Ladies and gentlemen of the blogosphere, this shampoo is not cheap. There are bound to be more expensive shampoos out there, but when the Single Guy is used to buying the cheap stuff at the Wal-Mart, the real stuff can pinch the old bank account. So she went on and on about how great the shampoo was. And how great the conditioner was, as well. And how that particular shampoo was on sale that day. And it would be totally worth it to spend $45 on gigantic bottles of shampoo and conditioner. It was a package deal.

Now, the Single Guy doesn't typically do conditioner, unless it's a 2-in-1 kind of thing. You know, you just have the one bottle and the conditioner is magically mixed in with the shampoo. He has a really hard time understanding what the point of conditioner is. But, since he spent so much money on the package deal, he felt that he should give this hair tonic a try. A month later, he's still not sure what kind of difference the stuff has made in his hair.
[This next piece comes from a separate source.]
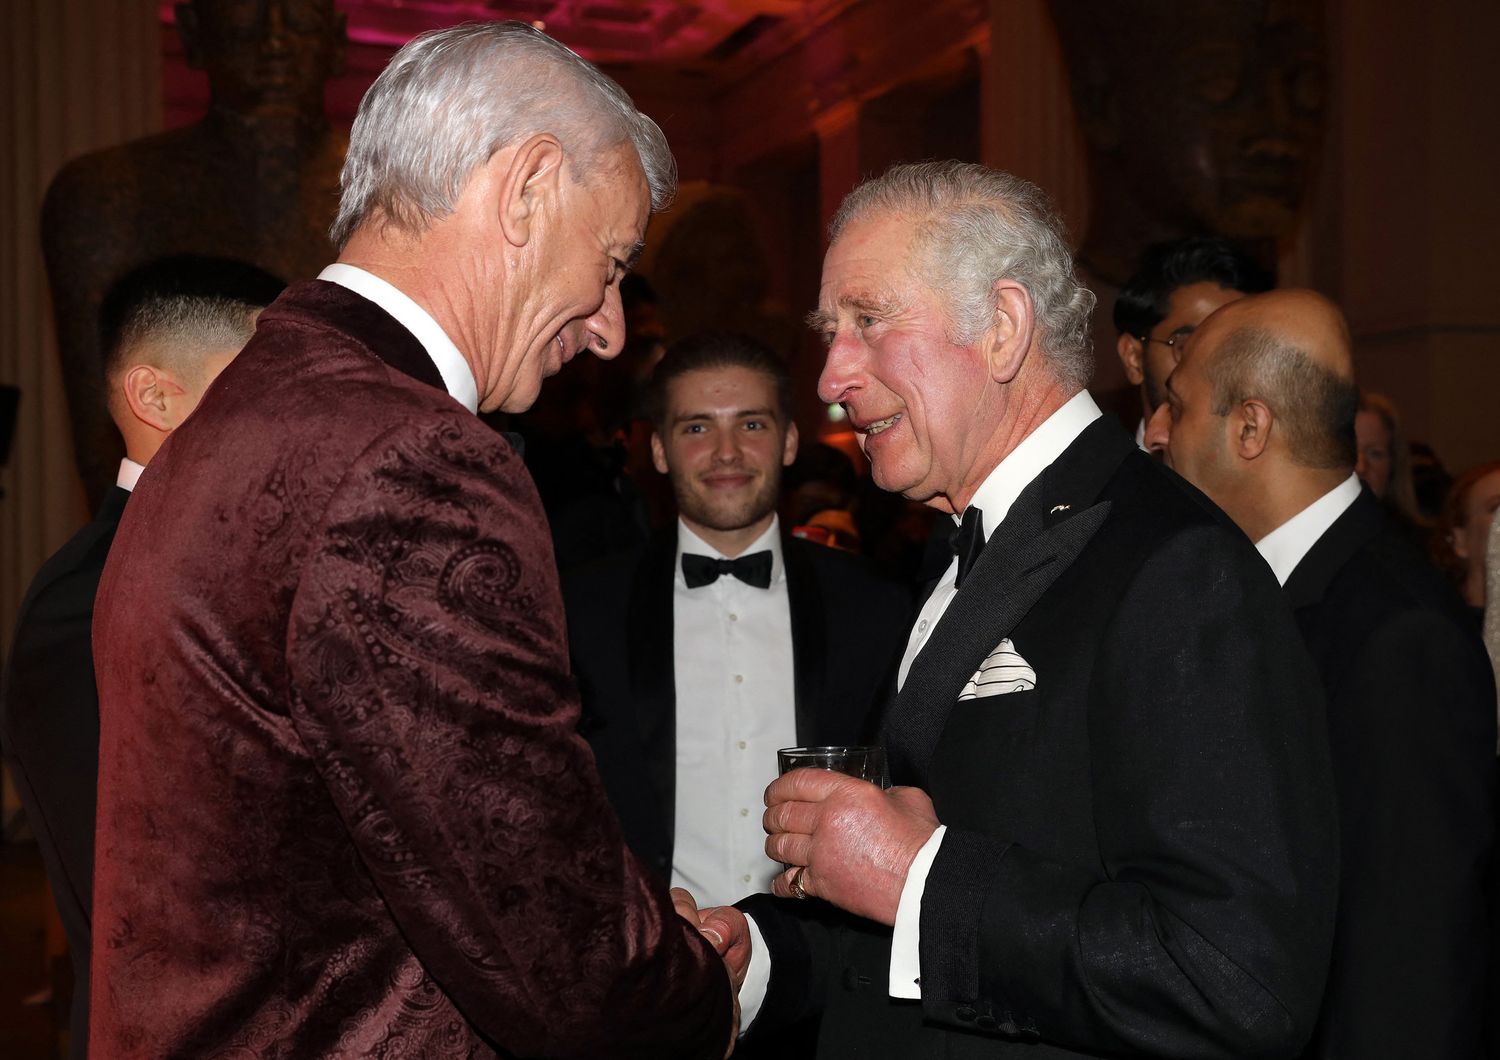 Il principe Carlo con l'ex calciatore Ian Rush il giorno prima di risultare positivo al Covid

Today, it became a moo point. Because the Single Guy decided to get rid of all his hair. The reasons are several. The most pressing reason is that he couldn't afford to get a real haircut and he could shave his head for free. So now he has this huge bottle of conditioner and no hair to condition. On the plus side, he still smells like Christmas when he gets out of the shower.

Thursday, April 18, 2013

75 Super Years

75 years ago today, Action Comics #1 hit newsstands, introducing the world to the world's greatest superhero. His origin has been altered a number of times over the years, but he remains a survivor from the doomed planet Krypton. Kal-El was sent here as an infant by his father, Jor-El, who knew that he would grow on Earth to have powers and abilities far beyond those of mortal men. Along with the changes to his history, his power set has changed a bit as well. At first, he was unable to fly. But he was able to leap tall buildings in a single bound. To celebrate Superman's 75th birthday, here's the latest trailer for the latest film incarnation of the Man of Steel. The movie title? Man of Steel.

Wednesday, April 17, 2013

Becoming Invisible

I think I'm phasing out of existence. Maybe not out of existence. Maybe I'm just phasing out of the visible spectrum. I've been having a lot of trouble lately with automatic sliding doors.

I'm sure you know the ones I'm talking about. You go to the grocery store and you don't have to do any work to walk inside. The door just opens for you. It senses your presence and welcomes you inside. I'd like to say these doors have only ignored me on one occasion, but once would be a blessing. It's happening more and more lately.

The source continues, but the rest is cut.